The home made, old-fashioned English cakes at Somsak Homestay are so delicious that people go there just for the cakes. During your stay, you can help yourself to cakes any time. What is more, Auntie Glen doesn't use any additives. Other than her signature chocolate cake, you can try Thai banana cake, carrot cake, orange cake, pudding cake and coffee cake. Trust me, they're yummy, especially when they are fresh out of the oven!

Homemade orange cake at Somsak Homestay in Kanchanaburi, Thailand.

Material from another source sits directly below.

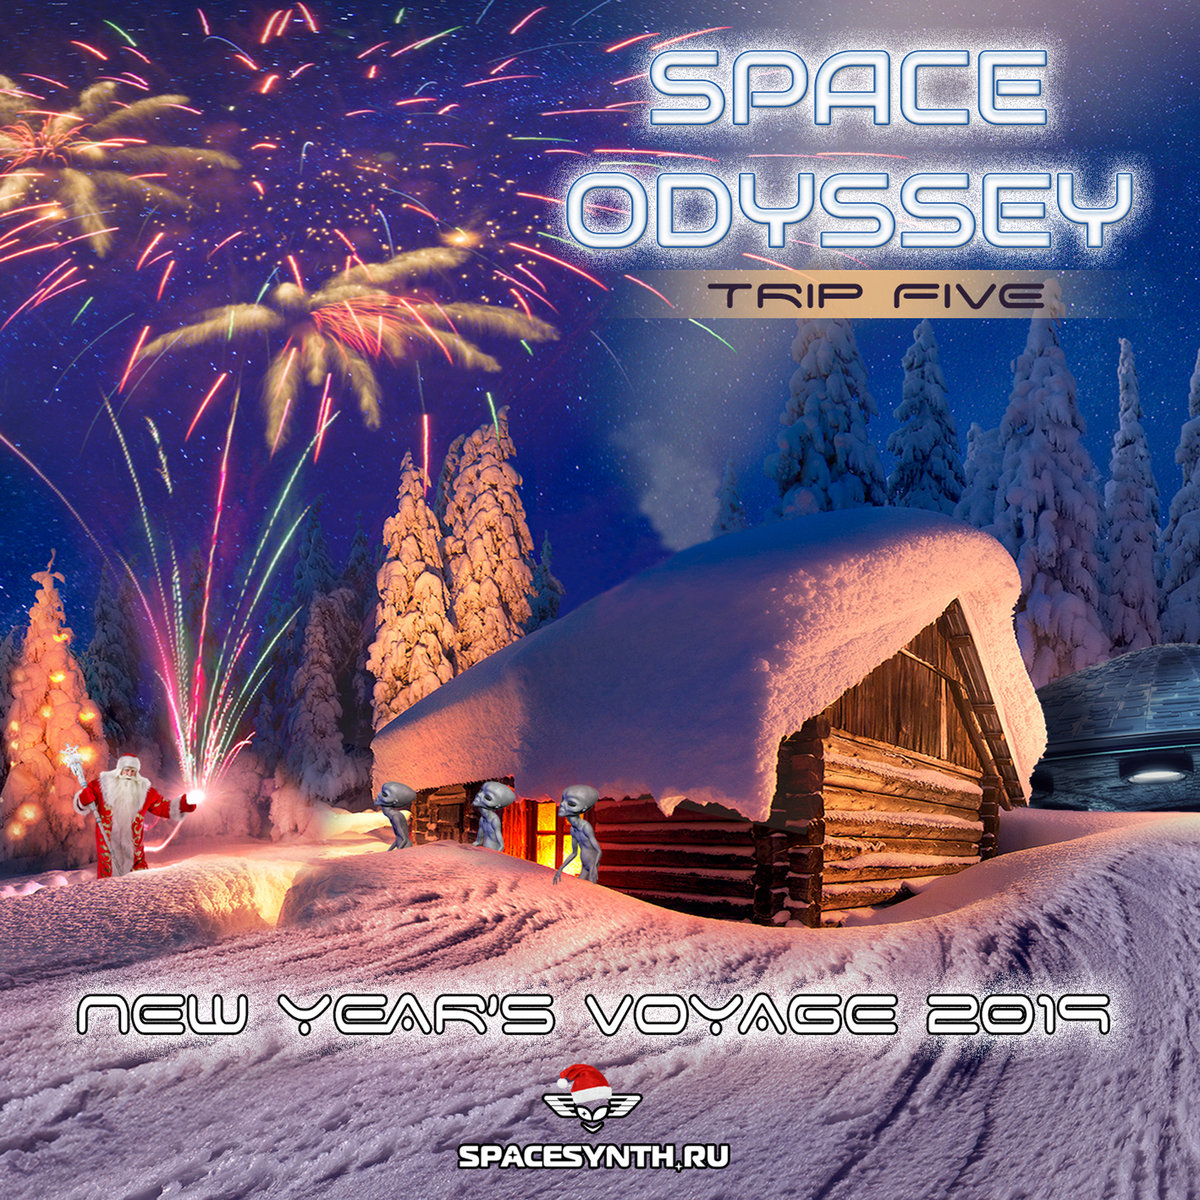 5b3b0d6c95 Space Odyssey – Trip Five: New Year's Voyage 2019 | Spacesynth.ru

History Of Somsak Homestay

This little home in the big forest has a unique history, that begins with love. What brought this Australian lady to an isolated mine in Pilok, near the Burmese border, was her husband Khun Somsak Setabandhu, whose family had run the tin mine concession for over 100 years. While Somsak studied mining engineering in Western Australia at Kalgoorlie University School of Mines, he met his future wife.

Somsak Homestay is located at the site of a former tin mine in Thailand.

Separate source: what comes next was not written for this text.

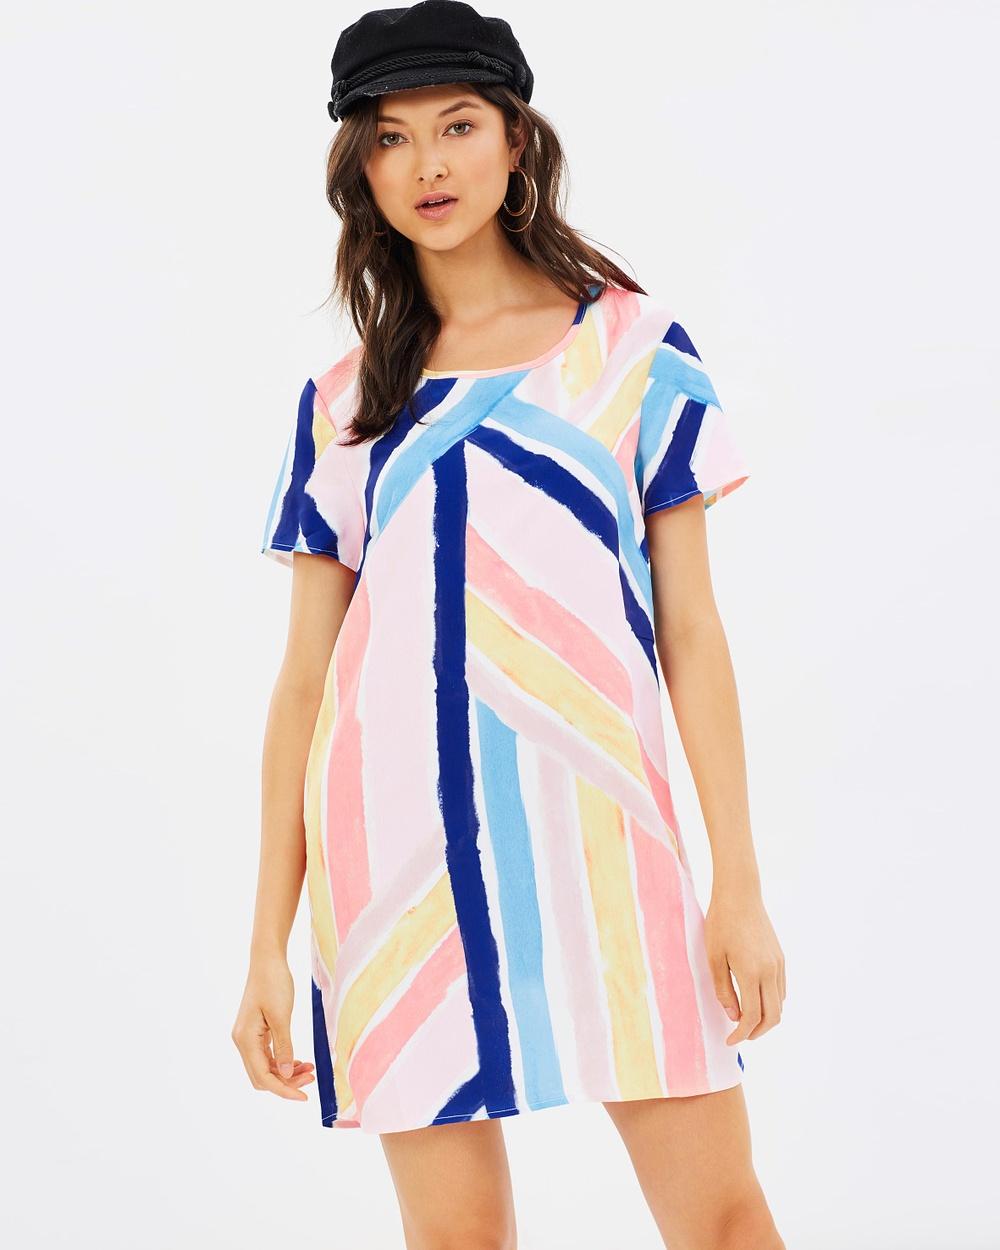 MINKPINK Mara T Shirt Dress Printed Dresses Multi Mara T-Shirt Dress

They met at the church badminton court in her hometown, Kalgoorlie. At the time, Somsak was the badminton champion of Western Australia. Her brother, as the captain of the church badminton team, had invited Somsak to coach his team.

The couple spent 3 years in Australia, then they got married and settled down in Thailand. Somsak worked at his family's tin mine in Pilok during the weekdays. Since it was too rough for a woman to travel and live at the mine, auntie Glen taught English in Bangkok where she lived with their son. Over the weekends, Somsak spent time in Bangkok with his family.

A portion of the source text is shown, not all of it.